The thing about Anne is, she writes not only novels, but also books about her life. Maybe I should be writing books about my life too. How hard can that be? You live a certain amount of time, then you write about it. It’s probably much easier than making up a bunch of people and then having to figure out what they’ve done with their lives before you can even write the book. Maybe, once Anne and I are friends, and seeing as how she already has so many books about her, she will want to write a book about me. I’m not that fascinating, but neither is she and she’s managed to write lots of funny books about herself.
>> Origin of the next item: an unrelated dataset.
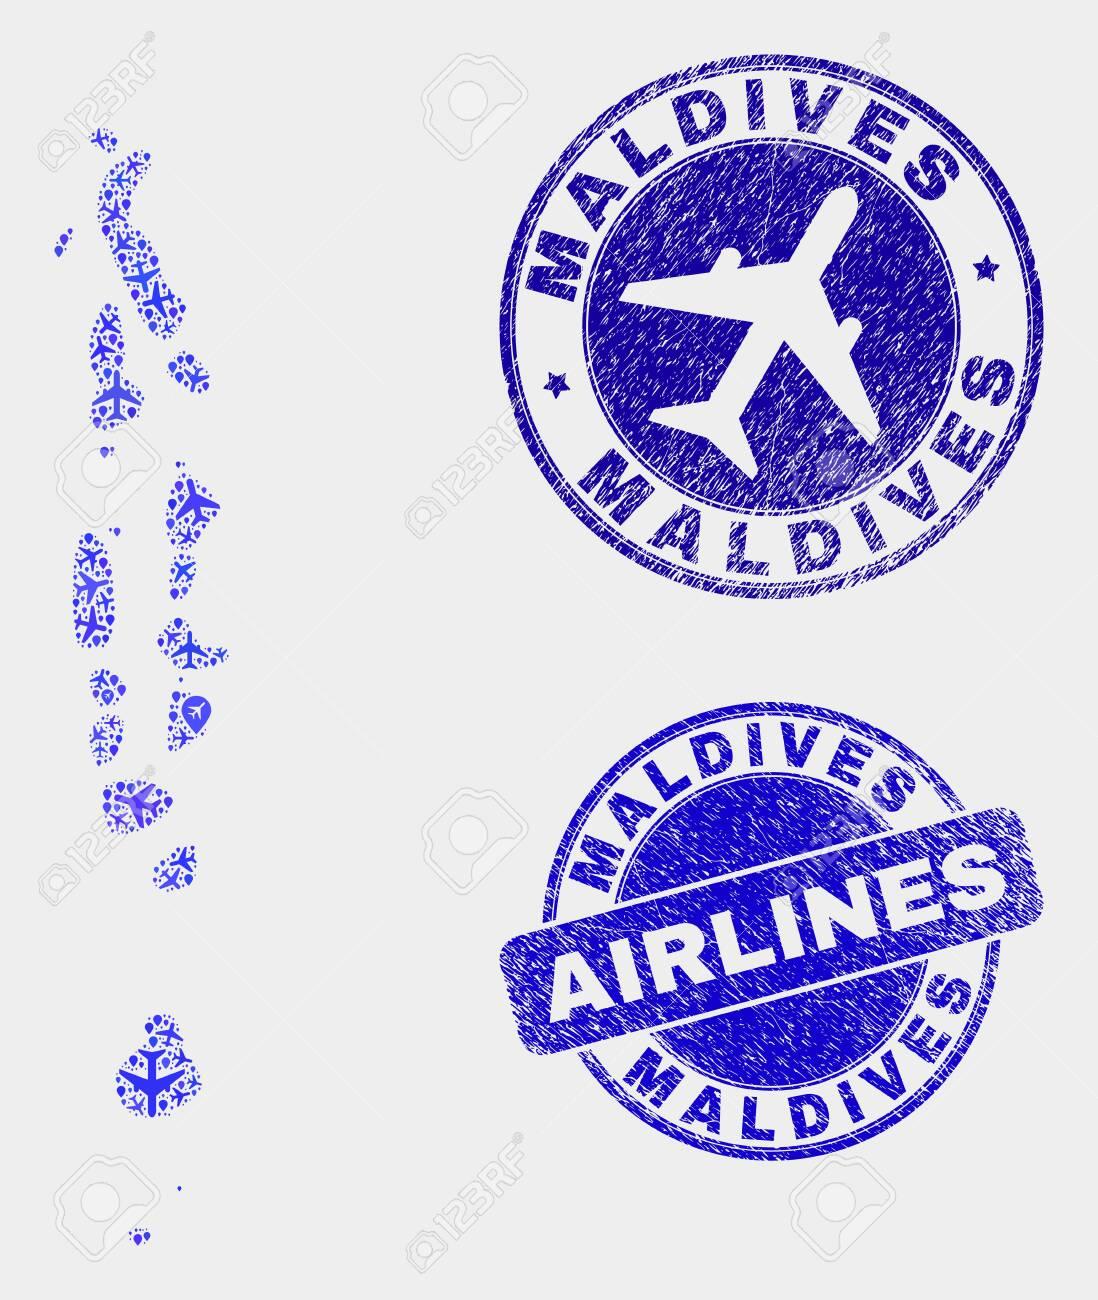 Airplane vector Maldives map mosaic and grunge seals. Abstract..

Anne would be able to spice me right up.

Anne lives in San Francisco and I live in Baltimore so that will make being best friends challenging, but it will be fun to fly back and forth to see each other. Being friends with Anne may actually improve my productivity as a writer. Although it’s hard to imagine how Anne even has time to live her life with all the writing she does. Anne is so prolific that it’s kind of annoying. I enjoy reading Anne’s books and they make me want to write more, and better, but Anne herself makes me feel kind of lazy. And who wants a friend who makes you feel like an underachiever? Anne’s problem is she just keeps on writing, even when the rest of us are stuck. Anne could make being stuck as a writer into a book.

Which is too bad, because I really think we could have been friends.